WHAT TO WORK ON
Transcribe the listing below exactly, without pictures.

RECORDED INFORMATION
════════

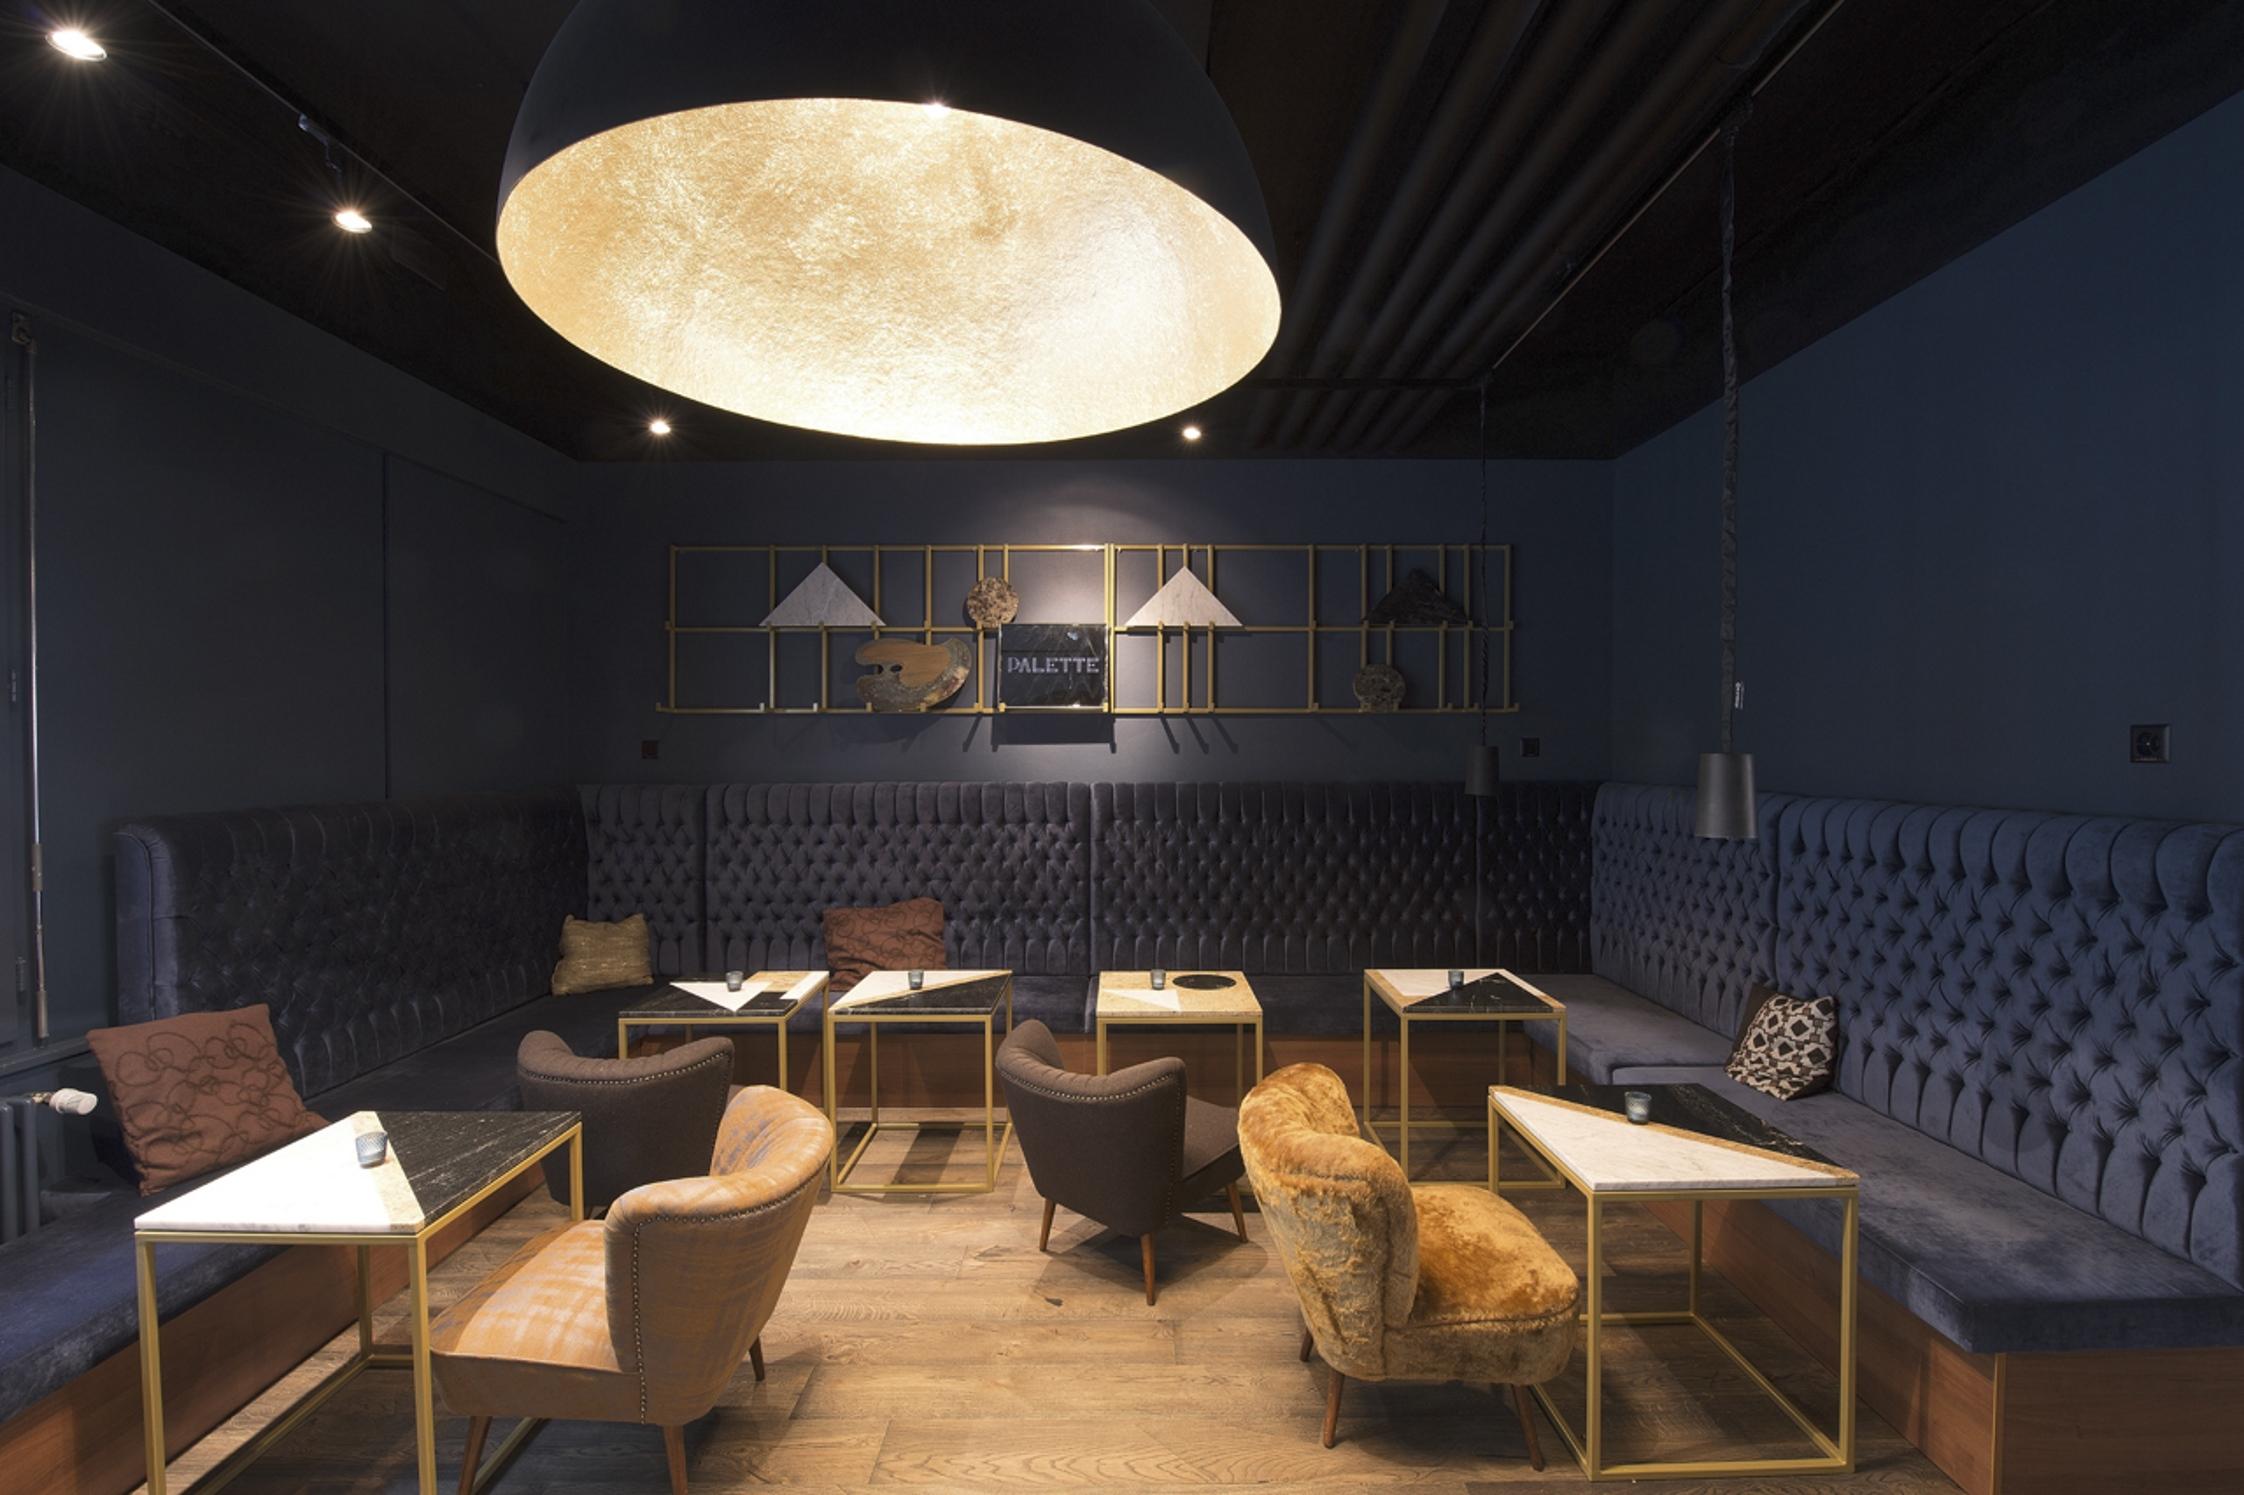 Palette Restaurant Bar Take Away in Zürich - Ausgezeichnete ...
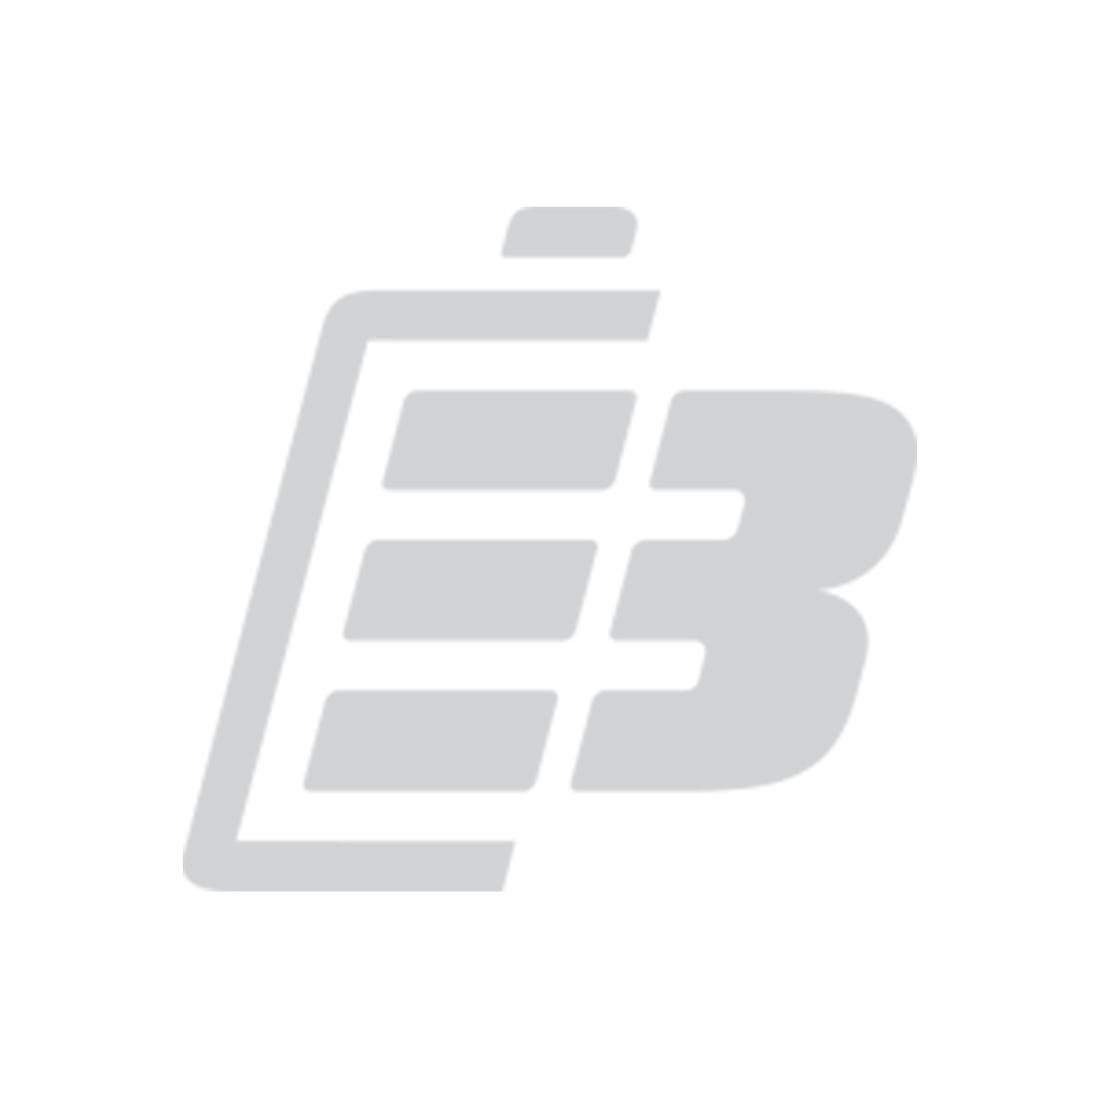 Μπαταρία smartphone Lenovo Vibe X2_1
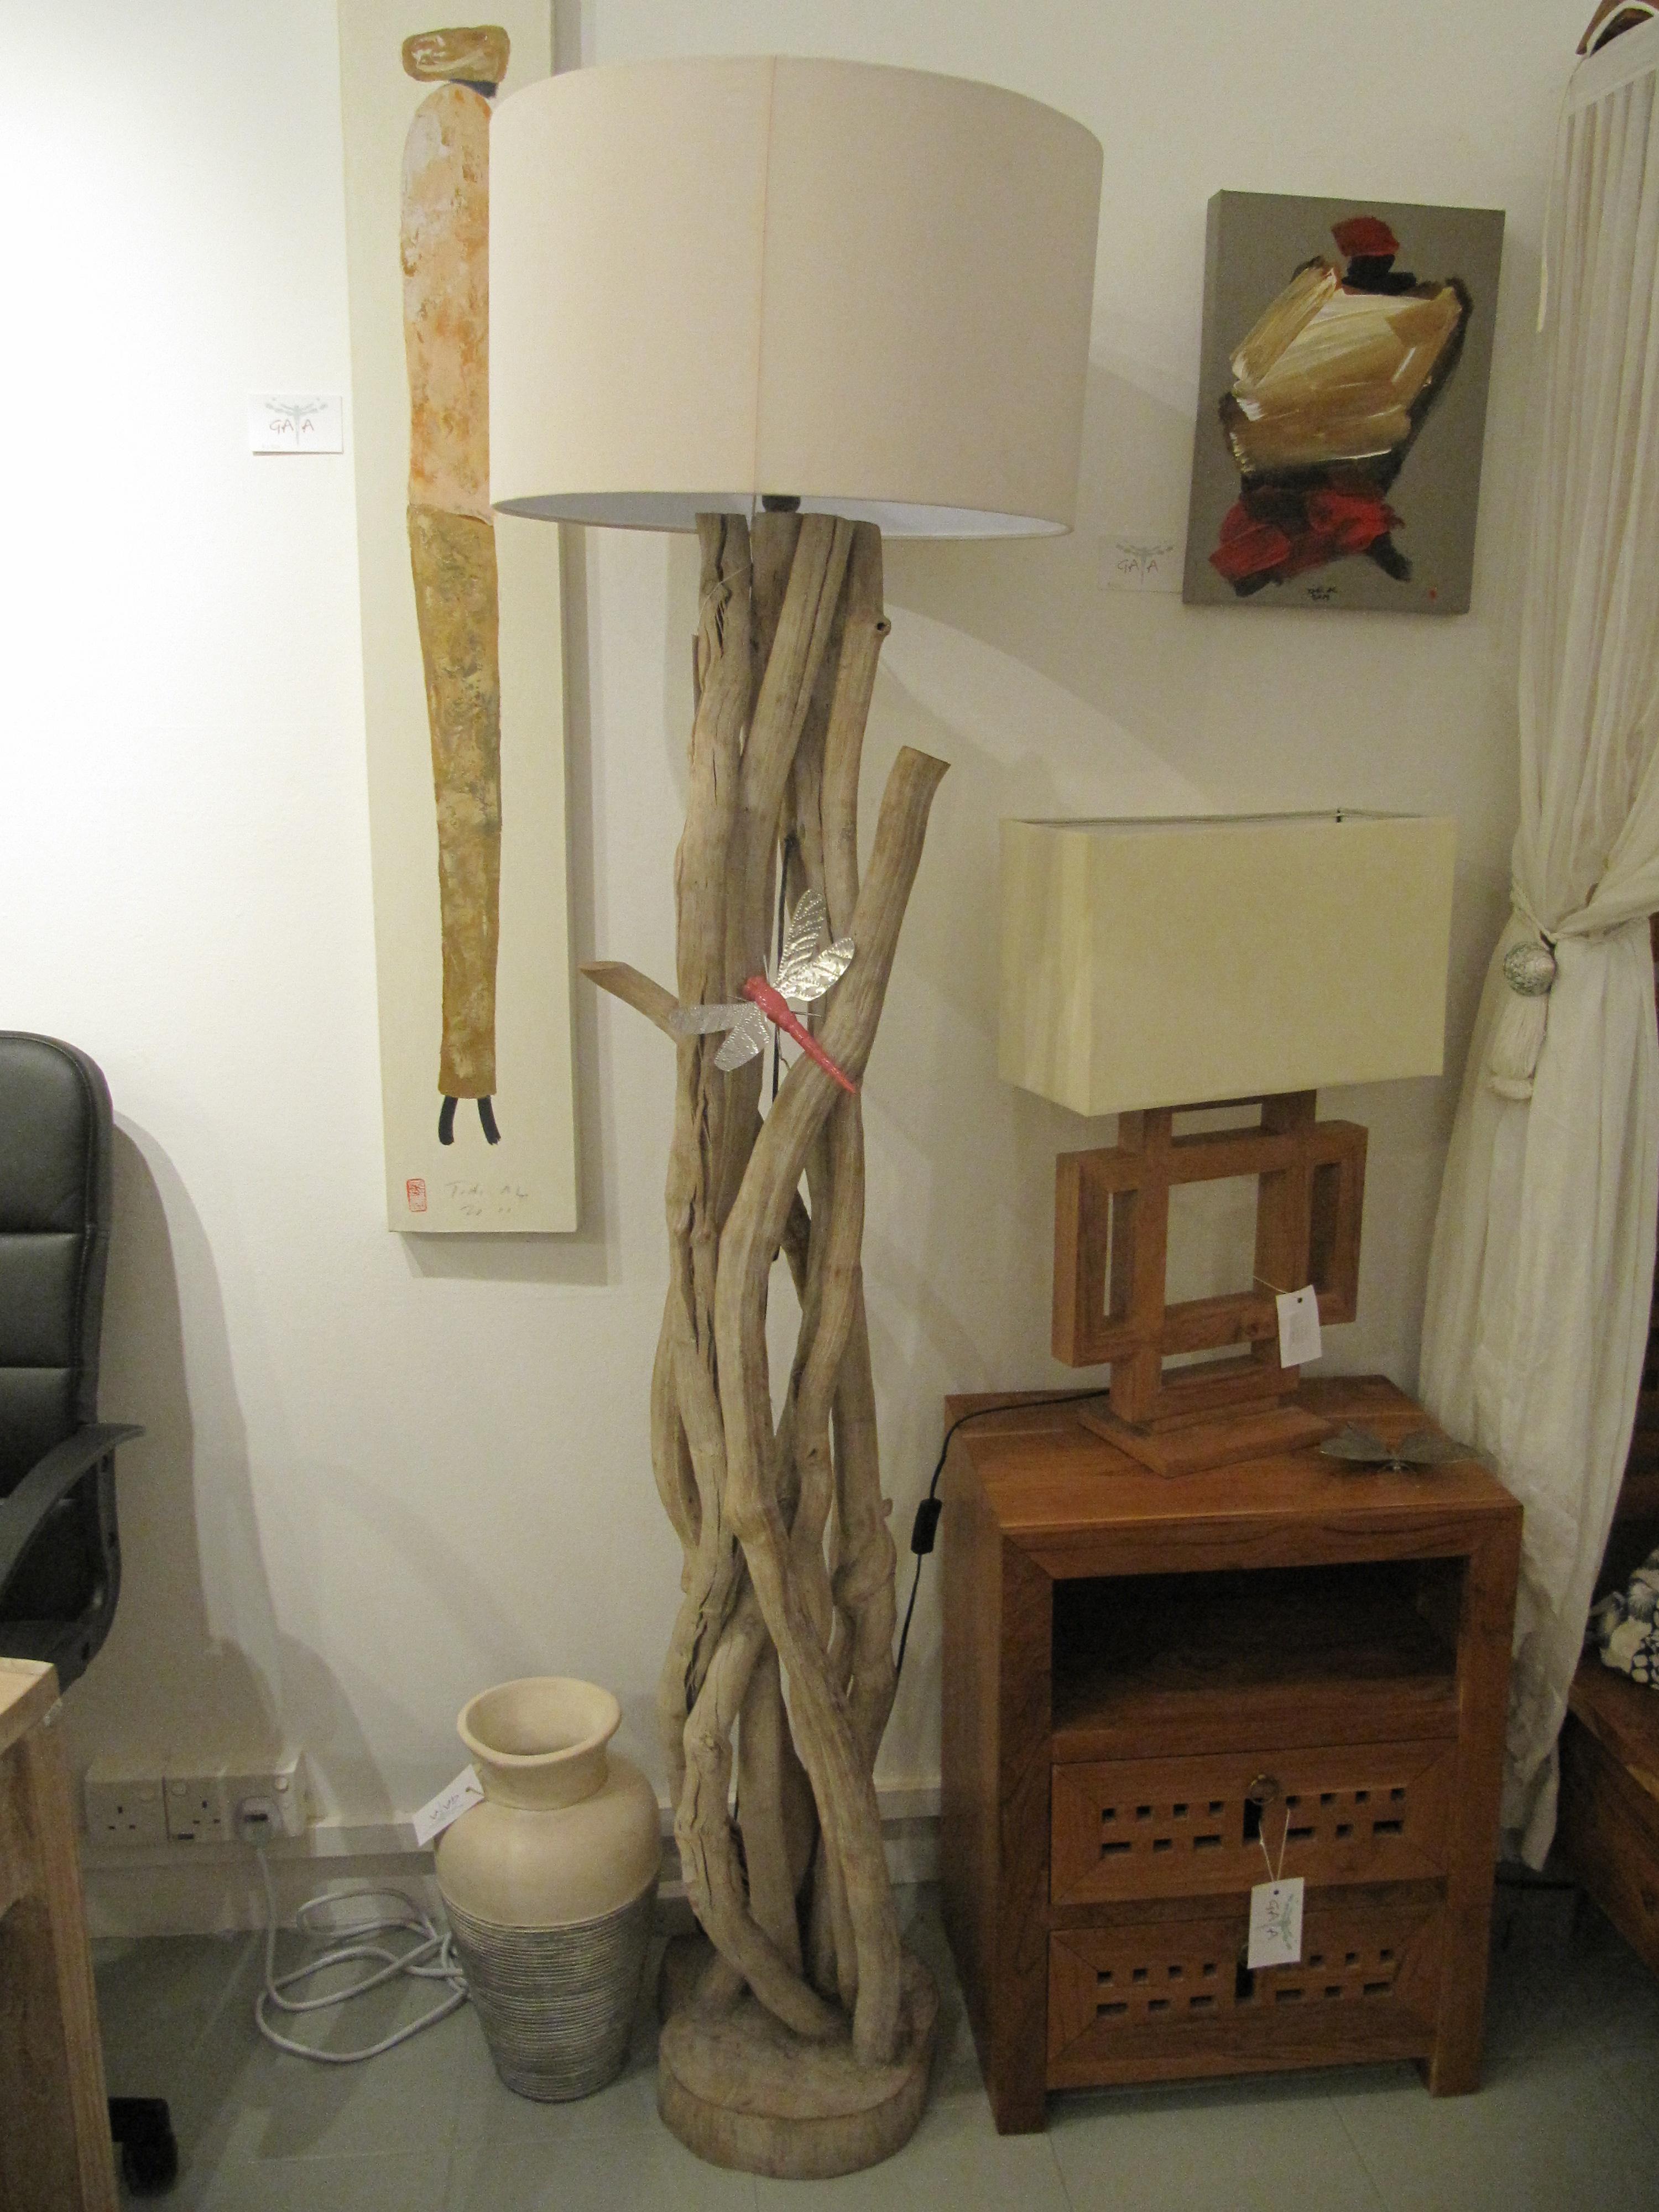 w-stacked-træ-gulv-lampe-vest-elm-træ-gulv-lampe-ikea-træ-gulv-lampe-ireland-træ-gulv-lamper-Indien-træ-stativ-gulv-lampe-ireland-træ- gulv-lampe base- ikea-industrielle-træ-gulv-la

════════

SOLUTION FOR THIS EXERCISE
 Palette Restaurant Bar Take Away in Zürich - Ausgezeichnete ...
 Μπαταρία smartphone Lenovo Vibe X2_1
 w-stacked-træ-gulv-lampe-vest-elm-træ-gulv-lampe-ikea-træ-gulv-lampe-ireland-træ-gulv-lamper-Indien-træ-stativ-gulv-lampe-ireland-træ- gulv-lampe base- ikea-industrielle-træ-gulv-la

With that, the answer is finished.